Tchalê Figueira
O mundo onírico do Tchalê Figueira
Algo é certo: o mundo do Tchalê Figueira ultrapassa qualquer noção de periferia. É na verdade, o contrário: é um mundo central. Ou melhor ainda, um mundo sem centro.
Porque, o que nasce no seu interior como ser humano, se transforma na espiral da vida. Isto é: sendo ele artista— pintor, é nos traços entre linhas que a energia se gera. Uma energia que se expande no mundo dos homens, não os distinguindo, não os catalogando, não os esmagando com o peso do ‘epicentro’,que é quase sempre o apanágio desta era do mundo do espetáculo, mas contudo mexe com o ‘sonho’ de cada um.
O onírico do Tchalê (relativo ao devaneio acordado), é na verdade um vasto mosaico notavelmente multifacetado: fantasioso, imaginativo, sonial. Com linhas freudianas, estereótipos jungestes , mergulhos sociais galopantes bukovsikianos , ‘delírio tremis’ de lineamentos rudes, arcaicos e bárbaros. Que atingem então a elegância do cisne que voa, e não do cisne aprisionado num lago urbano.
Cabo Verde está preso no sonho do Tchalê e ele preso nessa fantasia. Pois tudo é ‘maya’, ilusão. E o mundo está preso nesse mundo e o mundo preso na ponta de um pincel que necessita de ser substituído, mas o pintor espera ainda por um pincel de Paris, o azul-cobalto do Japão, ou o pigmento rosa de Alexandria.
Presos? Não. Talvez seja melhor falar em entrelaço. O mundo enlaça-se no Tchalê e se transforma (a alquimia da arte) em soluções nítidas, clarividentes e mesmo repousantes: pois os seus zarapelhos não passam de sonhos tranquilos comparados à crueza da violência que nos atinge no estômago. Na verdade podem ser um apelo à meditação, mesmo se logo à primeira temos uma espécie de recuo a alguns dos seus efeitos plásticos (oníricos).
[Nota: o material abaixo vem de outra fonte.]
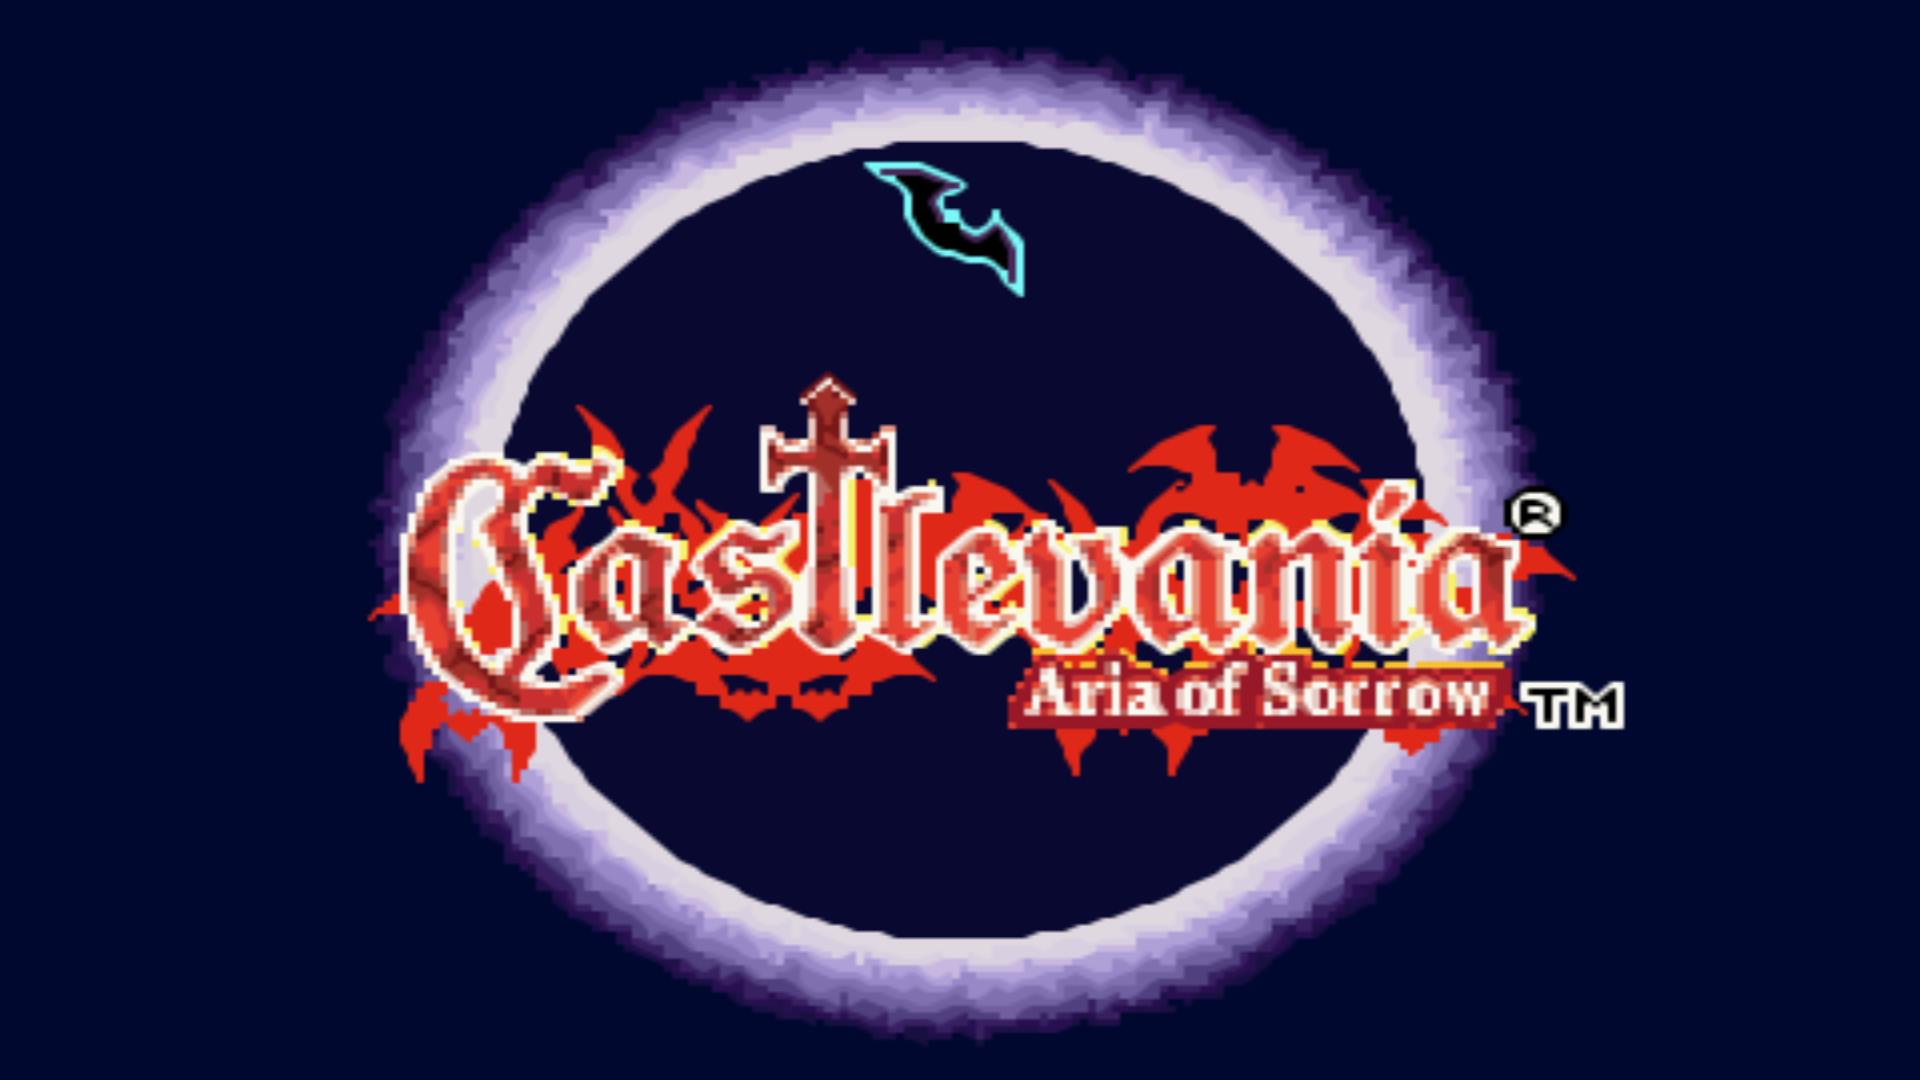 video game, castlevania: aria of sorrow, castlevania
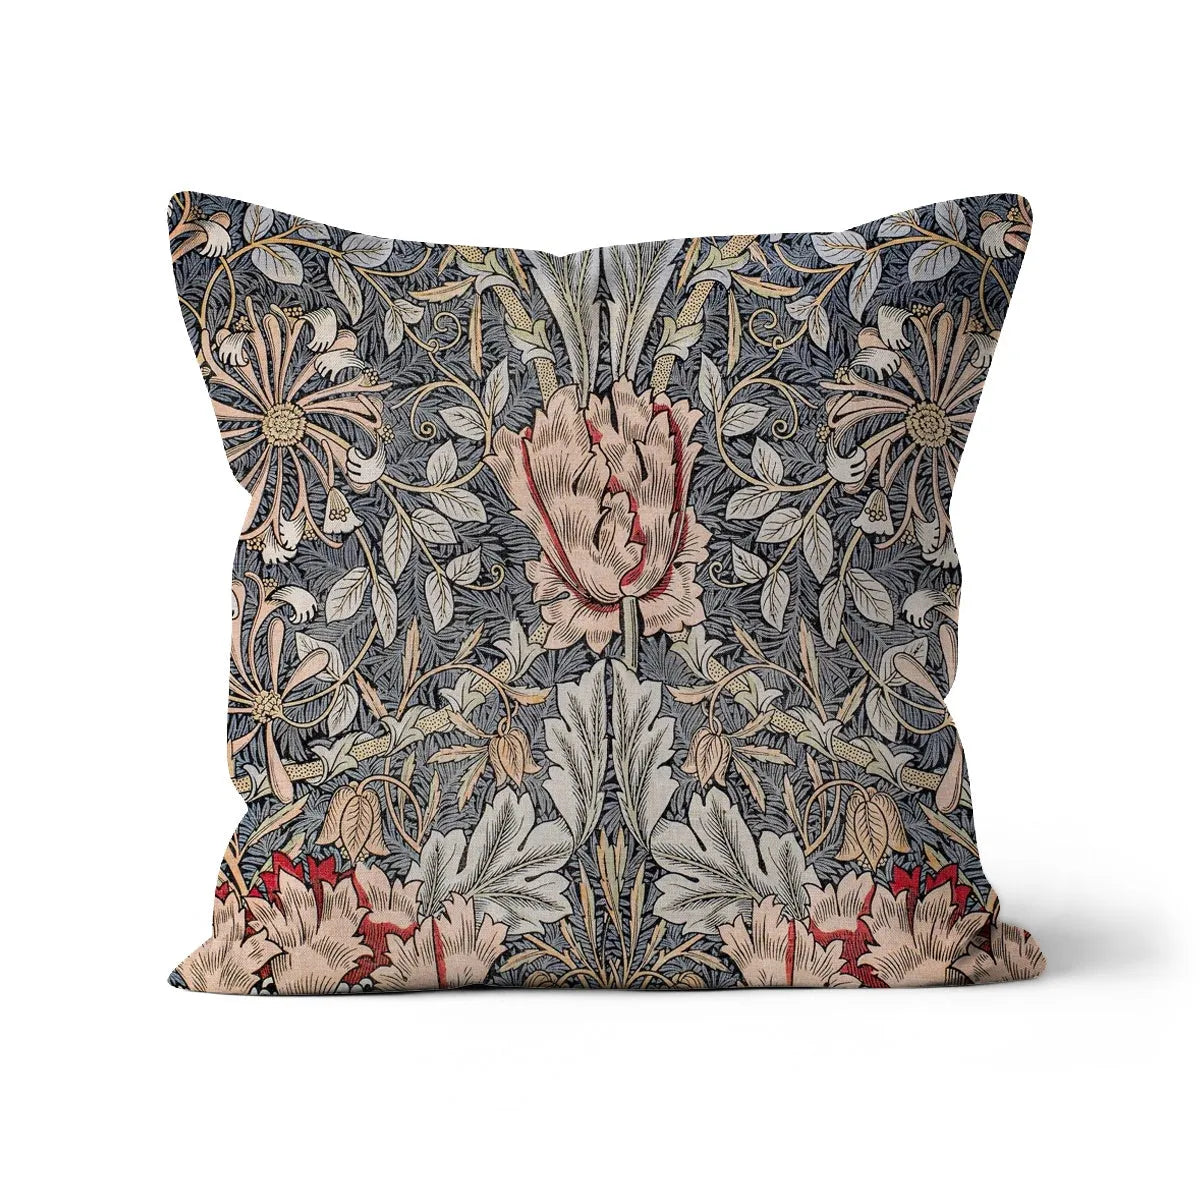 Honeysuckle - William Morris Cushion - Decorative Throw Pillow - Linen / 18’x18’ - Throw Pillows - Aesthetic Art

E tudo dança: budas, tamareiras, cães, lagartos, ditadores, explosões de bombas de mau-cheiro, amor, ternura, sexo, carnaval, pardais, cavalos, galos, escravatura, máscaras, mascarilhas , pontos de luz, pontos de luz…
Nas ilhas atlânticas de Cabo Verde, existe uma hora á tardinha que se chama ‘dezamparim’: é a hora em que a luz vai deixar um lado do planeta e a noite se aproxima. Desemparo. O Tchalê adora essa hora. Foi ele que fez notar que é nessa hora que as ondas se tornam o mais branco rendilhado do universo.
A partir desse dia o Tchalê Figueira tornou-se cósmico por partilhar uma profunda observação ‘onírica’ que parece ser muito simples mas na verdade não é nada simples.
Vasco Martins
Currículo
Tchalê Figueira nasceu em 1953 na cidade cabo-verdiana do Mindelo, na ilha de São Vicente. Com uma obra pictórica difundida por vários países, estreou-se na edição como poeta através de Todos os naufrágios do Mundo (1992) seguindo-se Onde os sentimentos se encontram (1998) e O azul e a Luz (2002) Participou em 2004 na antologia sobre os trinta anos do 25 de Abril – Na Liberdade, organizada pela Garça editora, Portugal. Tem colaborações poéticas na revista Plágio (Portugal) e no Jornal Artiletra (Cabo-Verde)
Revelou-se como ficcionista a partir da edição da novela Solitário (2005) editada pelo Instituto da Biblioteca Nacional e do Livro de Cabo-Verde. Editou com a chancela da Mar da Palavra (Portugal), em 2005, a segunda obra de ficção – Ptolomeu e a sua Viagem de circum-navegação. Em 2010, editou com a chancela da editora Dada (Cabo-Verde) o livro de contos, Contos de Basileia e em 2013 a novela: A Índia que procuramos.